● **What you have to do**
Please reproduce all of the listing below exactly and drop its images.

● **Dataset excerpt**
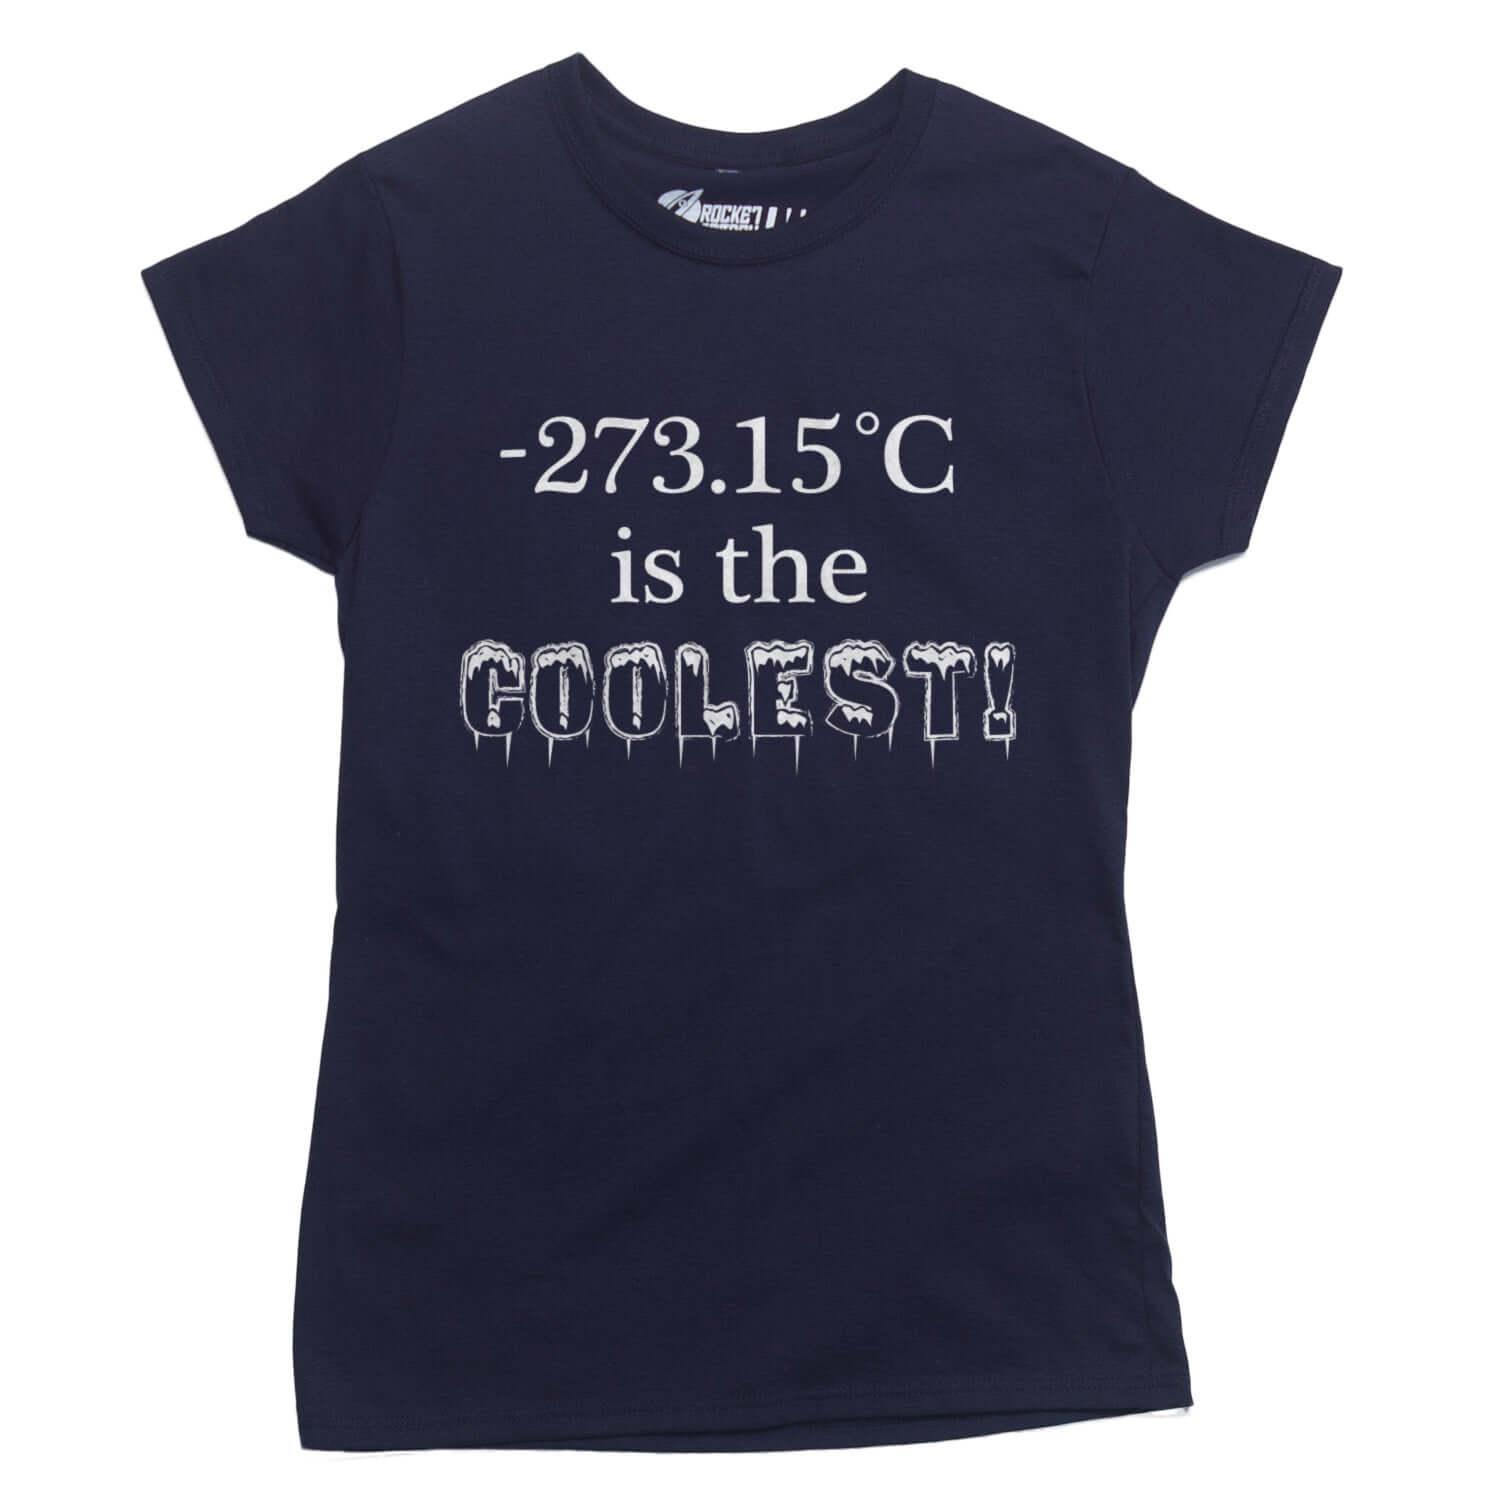 Absolute Zero is the Coolest T-shirt - Rocket Factory Apparel
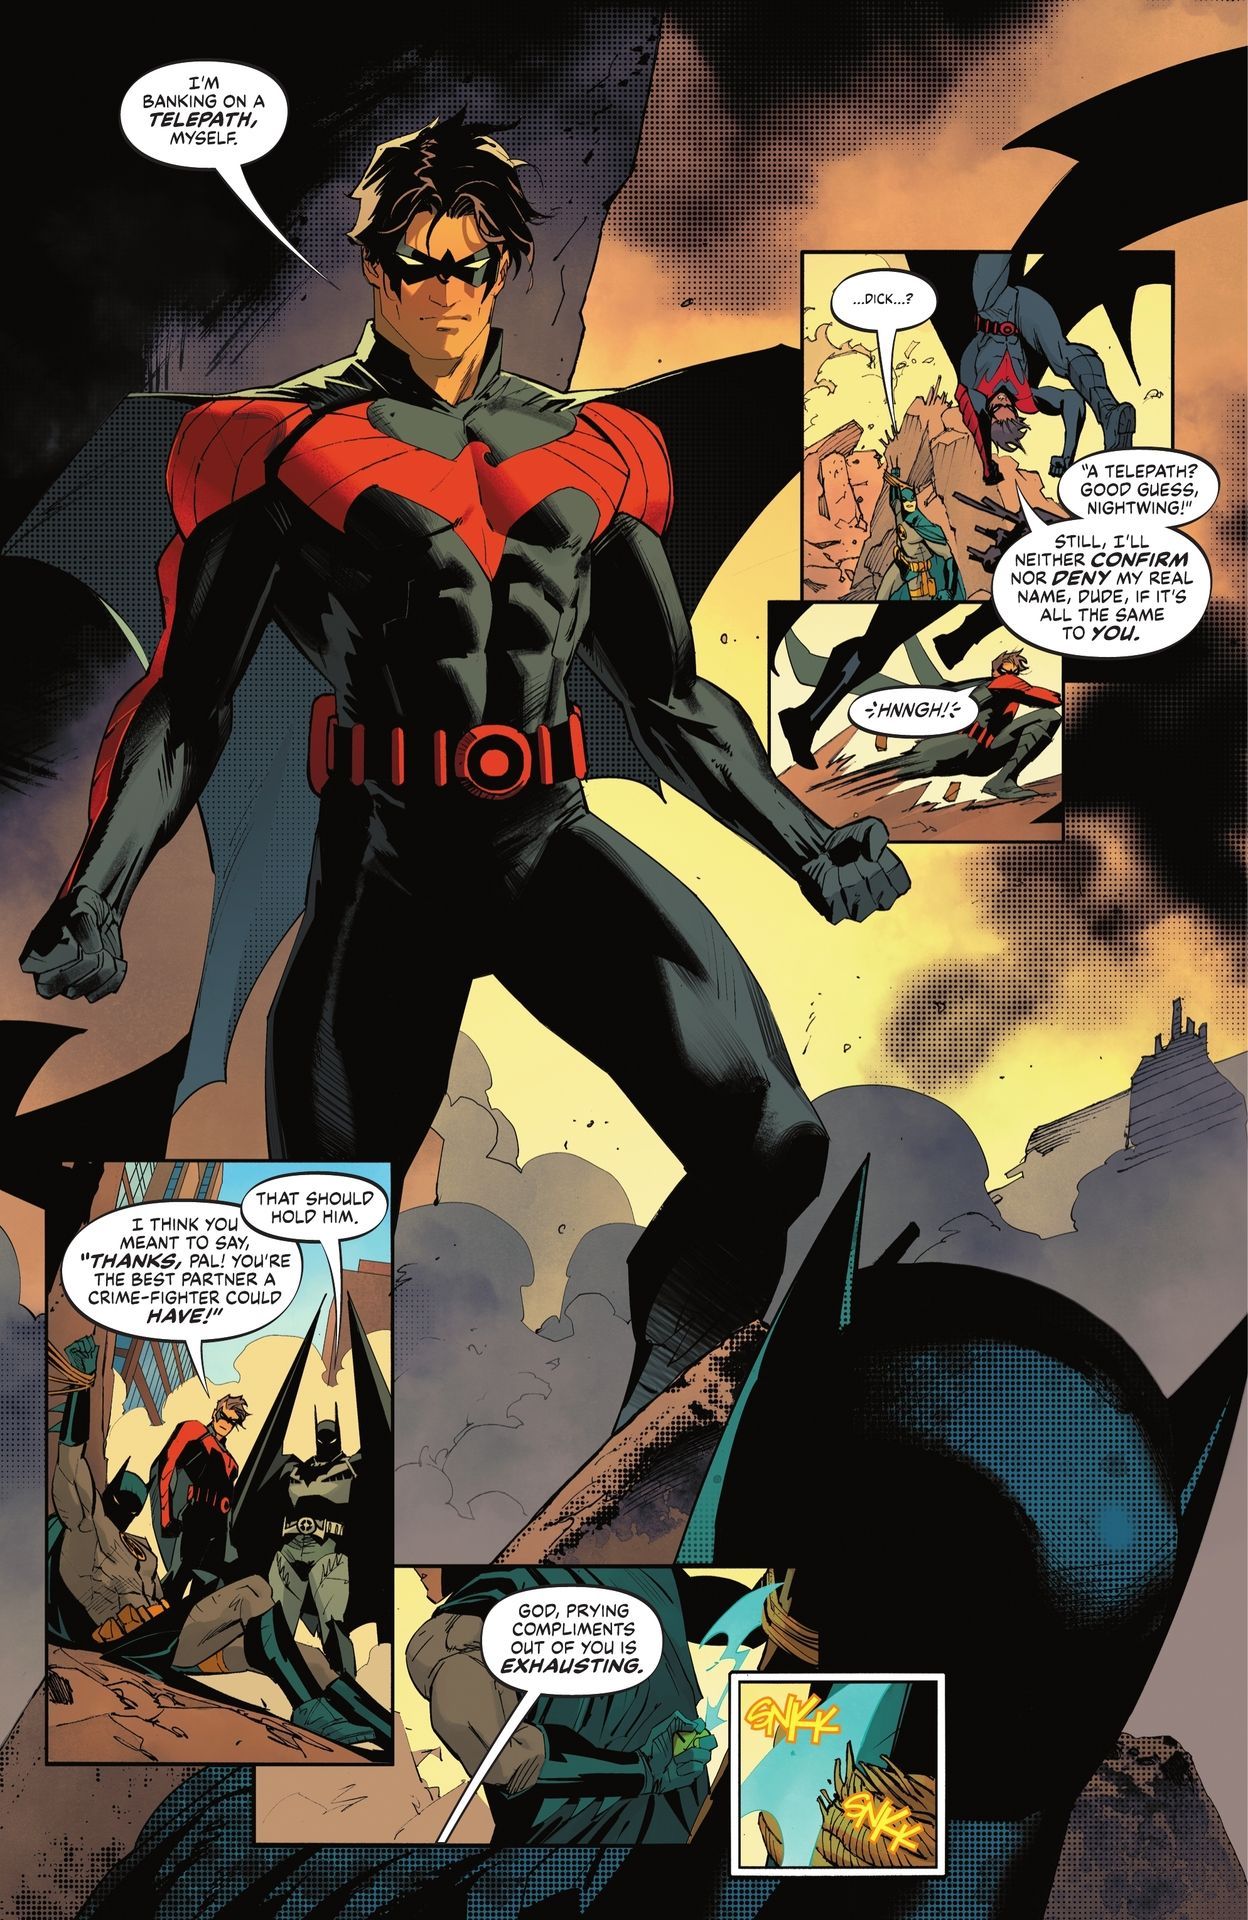 Nightwing standing tall wearing his red Kingdom Come suit
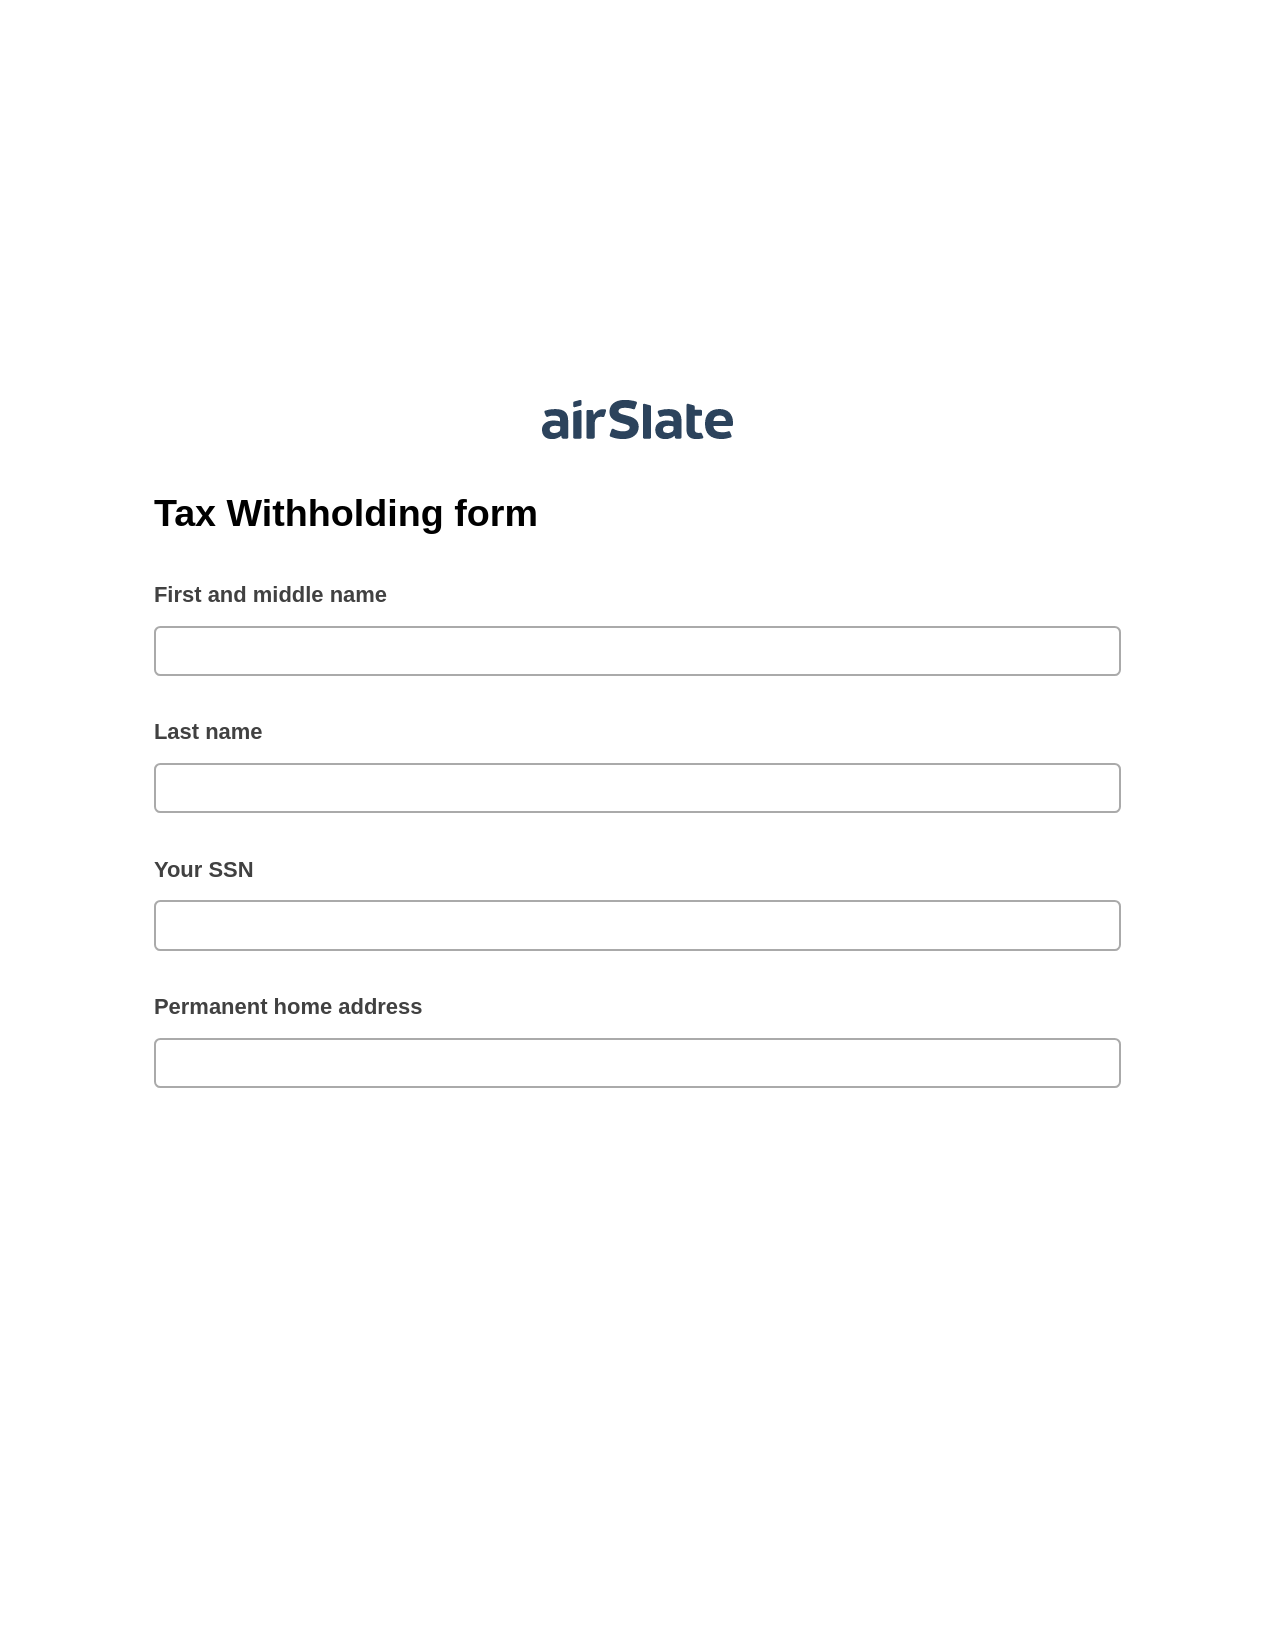 Multirole Tax Withholding form Pre-fill from NetSuite Records Bot, Webhook Bot, Export to Formstack Documents Bot

● **Response to the exercise**
 Absolute Zero is the Coolest T-shirt - Rocket Factory Apparel
 Nightwing standing tall wearing his red Kingdom Come suit
 Multirole Tax Withholding form Pre-fill from NetSuite Records Bot, Webhook Bot, Export to Formstack Documents Bot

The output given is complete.